Highlights from the All Core Developers Consensus (ACDC) Call #173

ACDC #173 covered Fusaka cleanup, steady progress on Glamsterdam’s ePBS work, & early steps toward selecting headliner proposals for the Hegota upgrade.

Highlights from the All Core Developers Consensus (ACDC) Call #173
Highlights from the All Core Developers Consensus (ACDC) Call #173

ACDC #173 was framed around three parallel threads, each at a very different stage of Ethereum’s upgrade cycle. The call moved from Fusaka, where the focus is on housekeeping and closing out long running EIPs, into Glamsterdam, which is grappling with the real complexity of ePBS and cautious Devnet planning, and finally to Hegota, where attention has shifted to early signaling and headliner proposal selection.

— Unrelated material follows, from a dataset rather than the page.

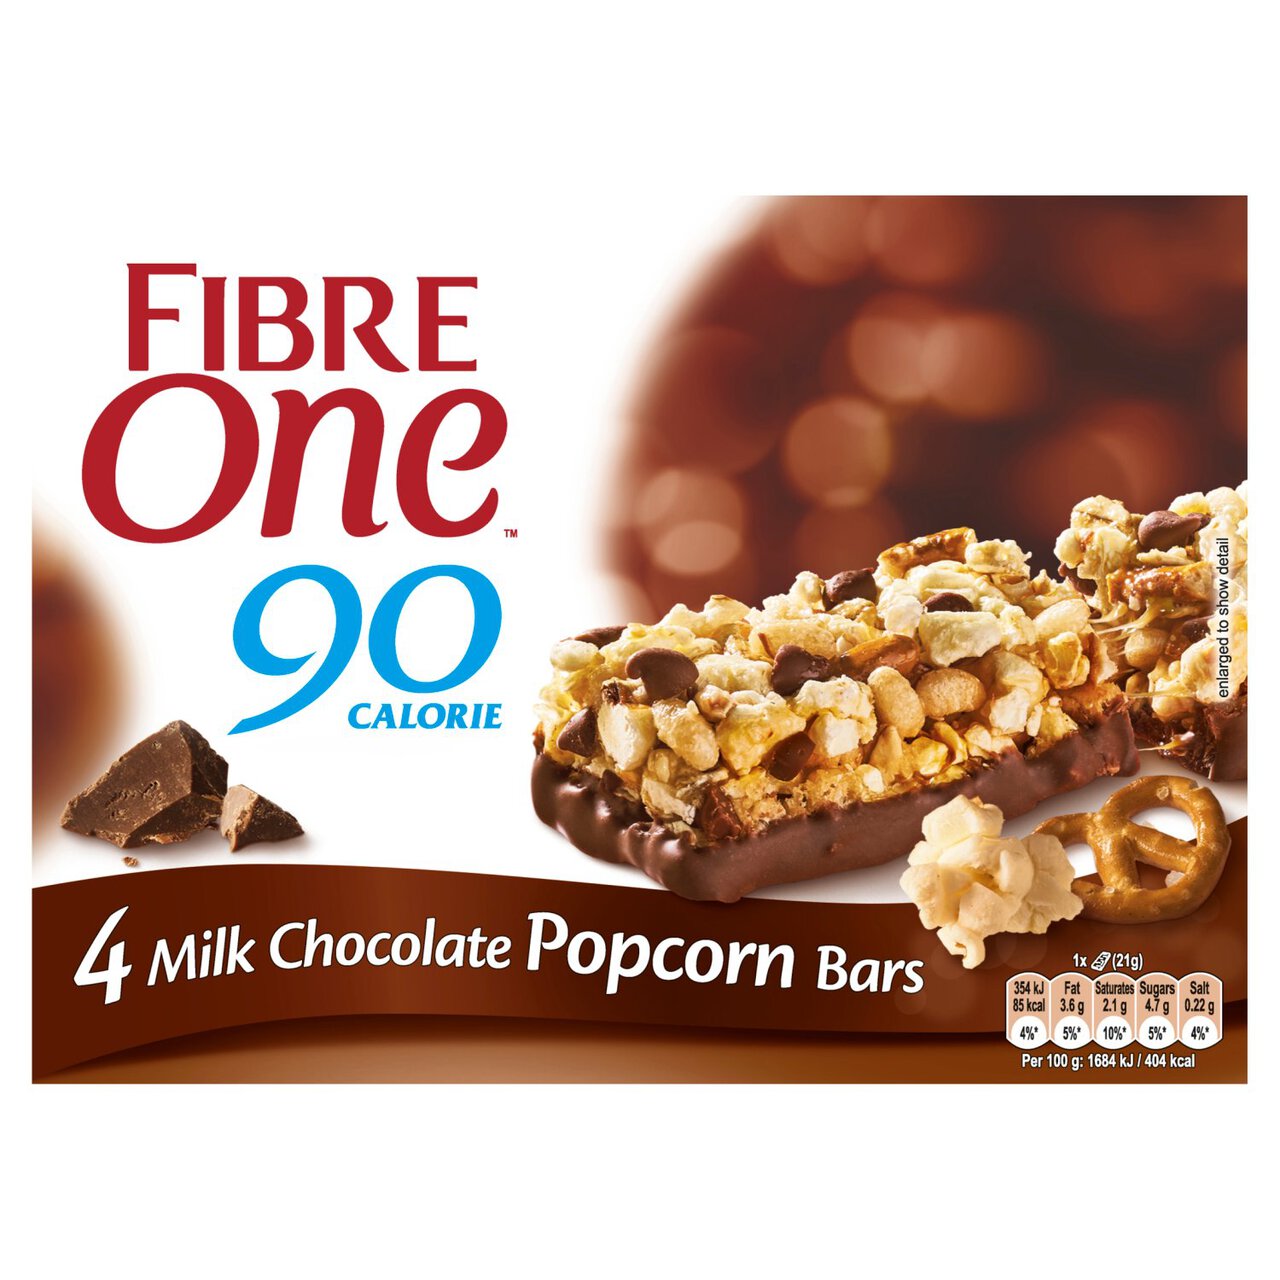 Fibre One 90 Calorie Milk Chocolate Popcorn Bars 4 x 21g

Together, these discussions reflected a broader effort to bring clarity, discipline, and realism to how upgrades progress from cleanup, to construction, to early exploration.

Fusaka Updates

Fusaka updates focused on housekeeping rather than new execution or consensus features. The primary objective was to finalize EIP statuses and close out proposals that have already completed their technical review cycle.

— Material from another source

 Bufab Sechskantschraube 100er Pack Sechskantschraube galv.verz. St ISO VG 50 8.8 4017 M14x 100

As highlighted by Pooja Ranjan, this is a friendly reminder to authors of blocked Fusaka EIPs. Team would appreciate support in reviewing and addressing the remaining open PRs for the following EIPs:

If any PRs should be closed instead of merged, kindly leave a comment so the process can move forward accordingly. Once these items are resolved, the corresponding EIPs can be progressed to Final status.

Completing this cleanup is important to avoid governance ambiguity and to ensure a clear transition into upcoming forks.

Glamsterdam Updates

At the heart of Glamsterdam is enshrined Proposer Builder Separation (ePBS), which is shaping up to be one of the more demanding consensus changes Ethereum has worked on since the Merge. The goal is straightforward in principle, i.e., separate who proposes a block from who builds it.

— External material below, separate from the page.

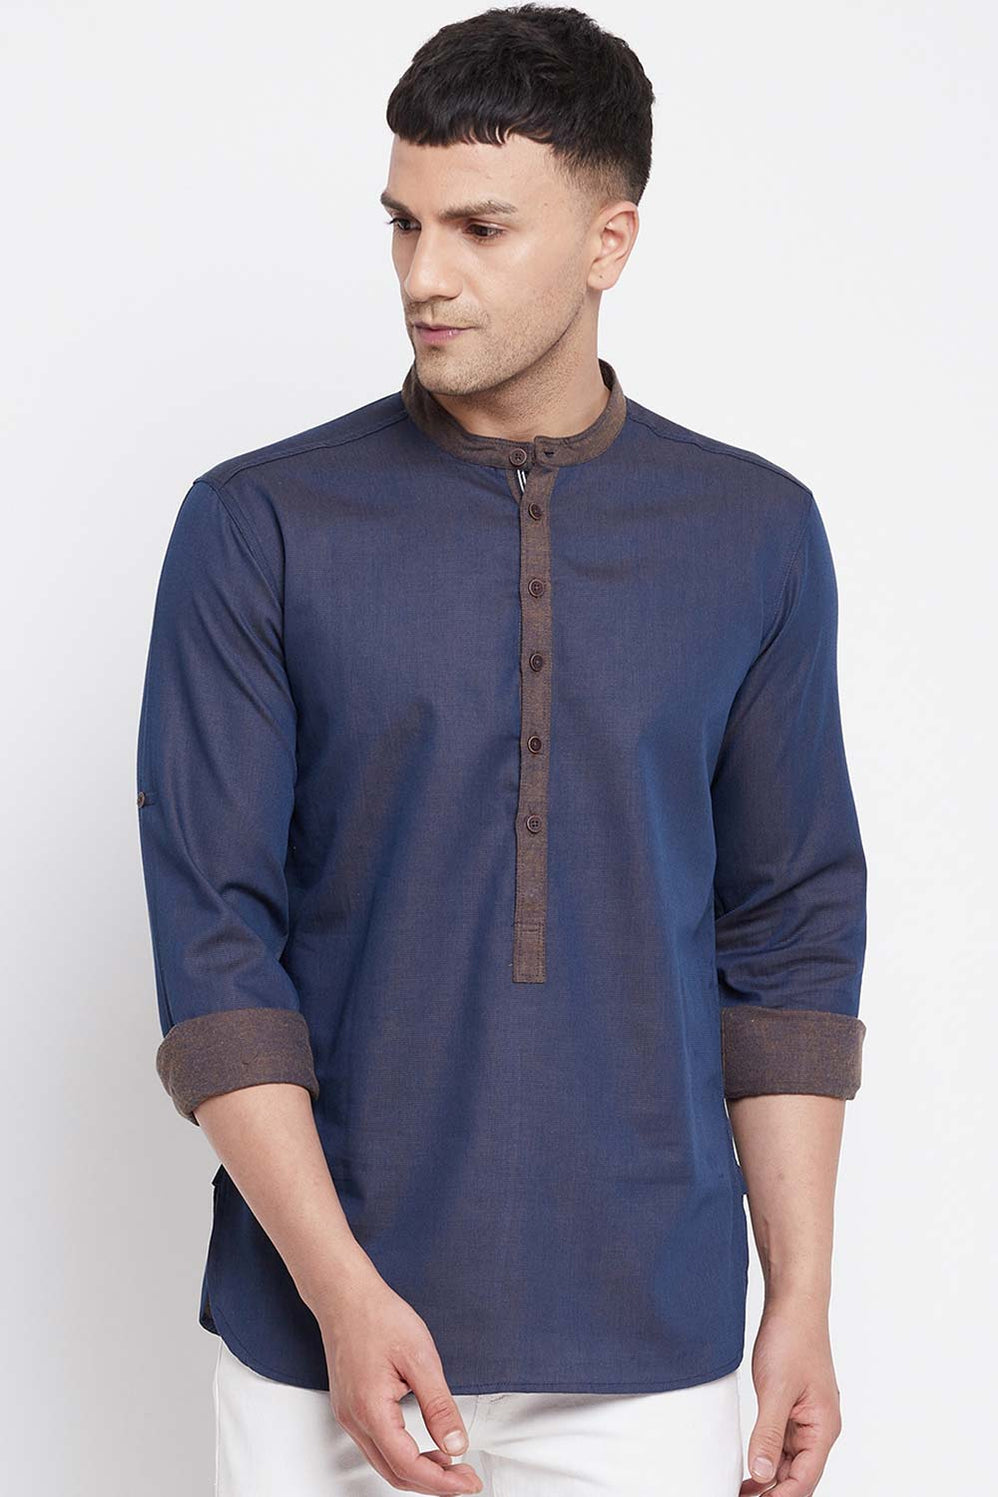 Shop Indian Wedding Menswear and Designer Suits | Karmaplace ...

In practice, that separation is meant to ease centralization pressure, make MEV handling more robust, and preserve validator neutrality at the protocol level. Client teams are already deep into implementation, and one thing is obvious from the updates so far, i.e., this is not a small change.

ePBS cuts across several critical parts of the consensus stack, including fork choice, block validation, execution payload handling, and even some underlying networking assumptions. That breadth is exactly why progress has been steady rather than fast.

To keep things manageable, the specs for Devnet 0 have now been frozen. This gives clients a stable target to work against before introducing further changes.

Later Devnets will build on this cautiously, with time set aside for testing infrastructure, Kurtosis runs, and cross client compatibility checks before anything moves closer to mainnet. In parallel, Block Access Lists (BALs) are moving along well.

BALs aim to make execution more predictable by explicitly declaring which parts of state a block will touch, improving efficiency and reducing surprises during execution. That said, while BALs are further along than ePBS, developers have been clear that execution layer only forks should be treated as a fallback, not a default plan.

Shipping pieces in isolation risks creating coordination problems and technical debt that are hard to unwind later. A broader theme coming out of these discussions is a move away from rigid expectations like two forks per year.

Instead, attention has shifted toward milestone driven progress, with a strong internal focus on getting ePBS DevNet 0 out by late February and reassessing scope based on how things look then. Overall, the emphasis is less on hitting calendar dates and more on doing the work safely, with realistic timelines that match the complexity of what is being built.